眠いのもあったが綱吉に触れたいのが一番だ。
起こしてしまうのは少々忍びないが、こんな事態だ…許せ。
独特な浮遊感を覚えつつエレベーターを降りれば部屋まで一直線に歩いた。
鍵を開け、中にはいる。
やはり電気はついていない。
寝室へと身体を向けると、中に入った。
途端ひんやりとした風に俺は嫌な予感を覚えて壁をみる。
しっかりと稼働しているエアコンを確認した。

「喉に悪いだろうが…」

乾燥するから寝るときはタイマーにして一時間以上つけているなとあれほど言ったのに、ダメツナなこいつはそれを守らない。
しかも涼しくなっているのにつけるな、とリモコンをとればピッとけしてやる。
それを証拠に綱吉はしっかりと布団をかぶっているではないか。

「おい、ツナ…綱吉」
「ん…んん…」

せっかく会えたのに起きている姿を見れないのは悔しい。
身体を揺するが起きる気配がなくて、さっさと起きろと顔を覗き込むと何かを抱いているようだ。
何を抱いているんだと布団を捲くってみればそこには大変目つきの悪いテディベアが抱き枕の役目をはたしていた。
これは以前、綱吉と休日ゲーセンに行った時のことだ。
大きいサイズのぬいぐるみが欲しいと言って、これに一目ぼれした。

『なんか、この目つきの悪さ加減がリボーンだよ』

あのときは問答無用で殴ってやったが、まさかこんな形でこいつと対面することになろうとは。
よく見てみるも、似ている様子はない…ただ目つきが悪いだけだ。
こんなのを代わりにされているのは嫌で、つい綱吉の腕からそれをとり上げた。

「んー、りぼーん…りぼ…」

寝ボケながら名前を呼ばれるが、探しているのは明らかにこの俺の手の中にあるこいつだ。

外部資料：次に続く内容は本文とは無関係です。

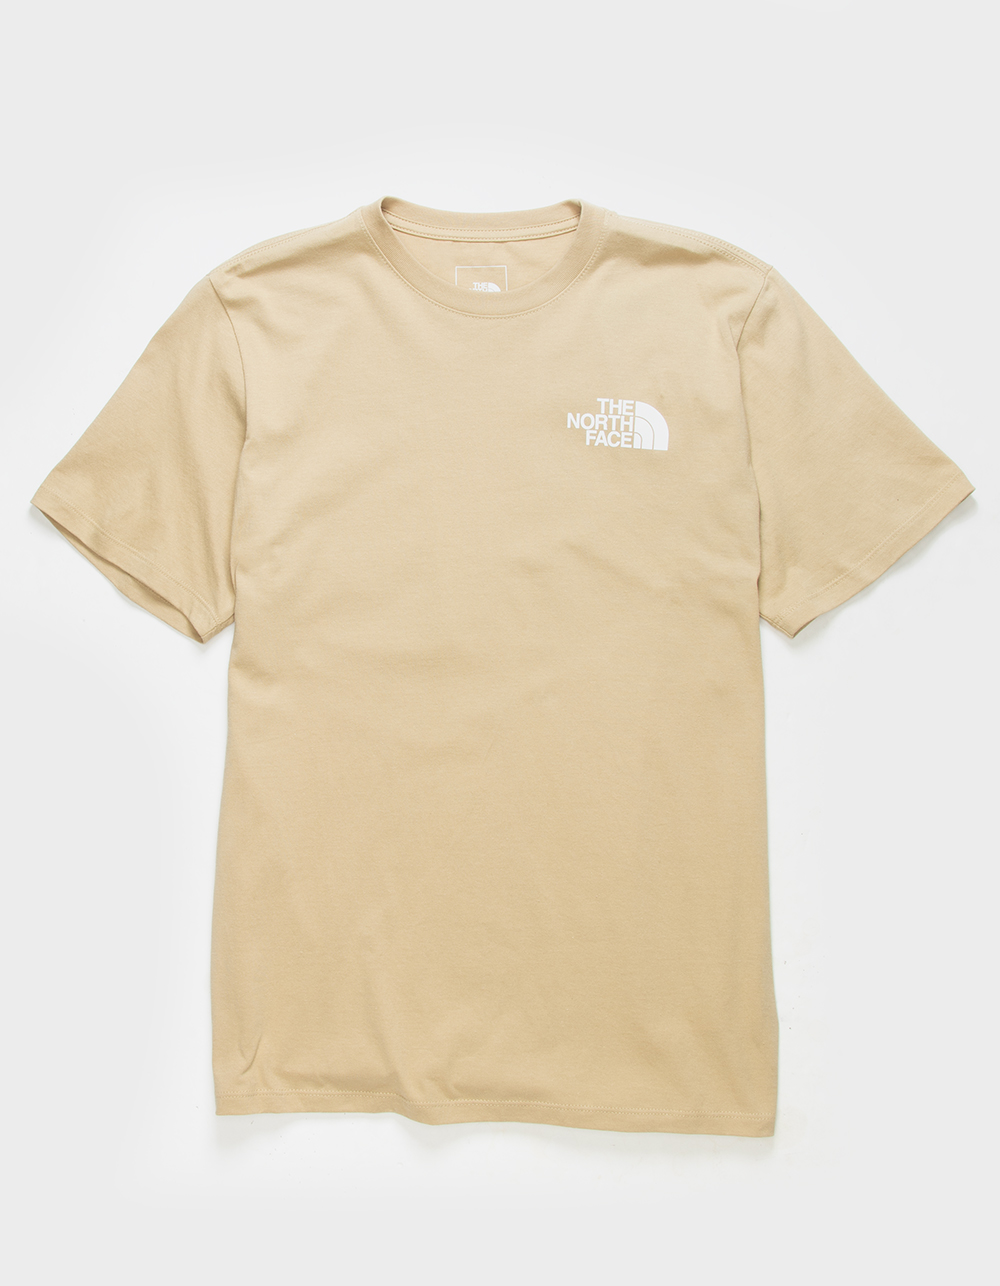 THE NORTH FACE Box NSE Mens Tee - SAND | Tillys

「もしかしなくても、同じ名前つけてたり…なんてことは…」
「んあ?あれ?…リボーンだ、おかえり」
「今探してたのはこいつか?それとも、俺か?」
「……やきもちなんて、リボーンは相変わらずだなぁ」

まだ寝ているのか綱吉の口調は覚束なくて、俺の言葉をしっかりと時間をかけて理解したうえで返事をしてくるが、明らかに綱吉の手はこのテディベアを欲しいと振っている。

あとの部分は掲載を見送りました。